Welcome back to our 2020 Digital Benchmark Report blog series, where we are exploring how the COVID-19 pandemic impacted third-party digital advertising sales for broadcasters. Analyzing the data from more than 5,000 campaigns that ran on our platform and performing a year-over-year analysis of 2020 versus 2019, we can identify relevant trends and, more importantly, what they mean for media organizations moving forward.

We kicked off the series by looking at digital advertising revenue in key verticals, or ad categories. Today, we’ll look at sales reps: How did the number of active sales reps change in 2020, how did the pandemic affect proposals per rep, and what can we learn from these trends?


Data point #1: Active sales reps drop in the spring, rebound by fall

No surprises here: When the pandemic hit in March 2020, the number of people actively selling digital advertising nosedived. Media companies were forced to let people go when advertisers stopped purchasing ads in response to COVID-19.

Average # Active Reps

Reassuringly, however, the belt tightening reversed quickly. After bottoming out in April, the number of active sales reps rose steadily (with a brief blip in August) until October. After that, it went down again, but that movement mirrors activity in 2019, suggesting a general trend instead of a COVID-related trend. By December 2020, the number of active sales reps was almost equal to the same time in 2019.

Data point #2: Number of proposals decreases, then recovers quickly

The number of proposals showed a similar trajectory to active sales reps, both in total proposals and per salesperson. This reflects diminished advertiser interest during the early months of the pandemic as well as the fact that there were fewer reps available to create proposals.

2020 % Change


Again, though, the numbers began to increase relatively quickly in early summer of 2020. Advertisers started to come back online, realizing they still needed to reach their target audience; in fact, they realized it was more important than ever to communicate how their business could continue to offer value as circumstances evolved. Once advertisers turned to digital channels to tell their story, sales reps responded. The number of proposals jumped in June and remained fairly steady through October. June’s numbers, in fact, were just barely below 2019 levels.

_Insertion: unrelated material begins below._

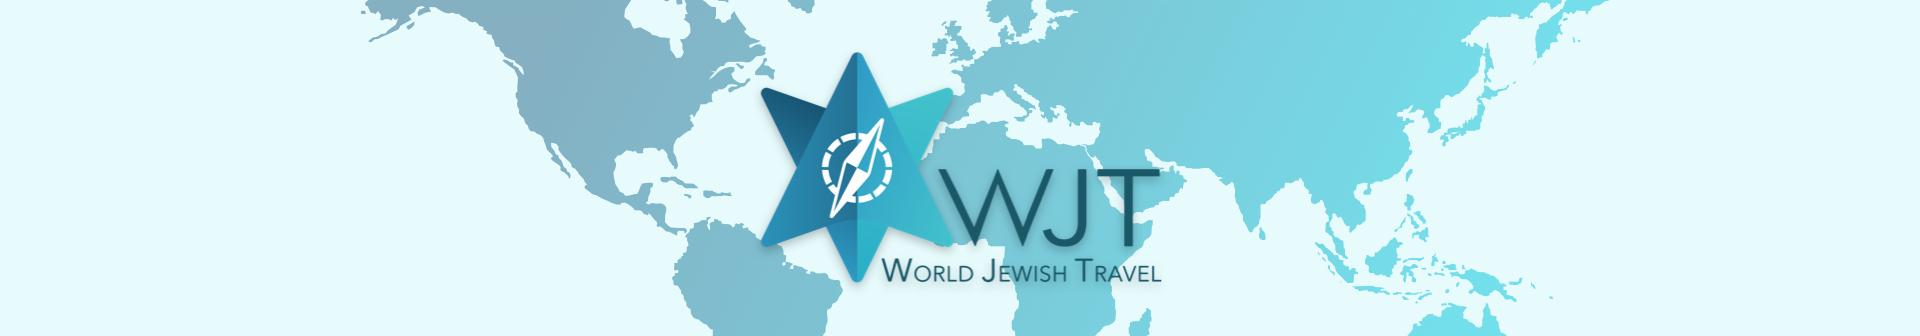 Wjt banner

Takeaway #1: Prioritize training for new and returning sales reps

What can we take away from these insights?

The decrease of active sales reps and proposals in the spring of 2020 certainly isn’t surprising, but it does have implications. The second half of 2020 saw a clear influx of reps into the market. Based on general turnover trends, we can assume some experienced reps returned to previous positions, some took on roles at new organizations, and some started fresh in digital advertising sales as the job market remained uncertain.

In all three of these cases, training is critical. To carry momentum into 2021 and beyond, salespeople need to fully understand the products they are selling, maintain a strong grasp on industry advances and trends, and, perhaps most importantly, be able to apply both of those pieces to each advertiser’s objectives and budgets.

Local media sales representatives no longer simply sell spots. They now sell integrated campaigns and marketing solutions that combine digital with TV or radio to great effect. To be successful, reps must become holistic marketing experts, crafting campaigns for their advertisers that leverage the media types and tactics that will drive ROI for that business and that campaign.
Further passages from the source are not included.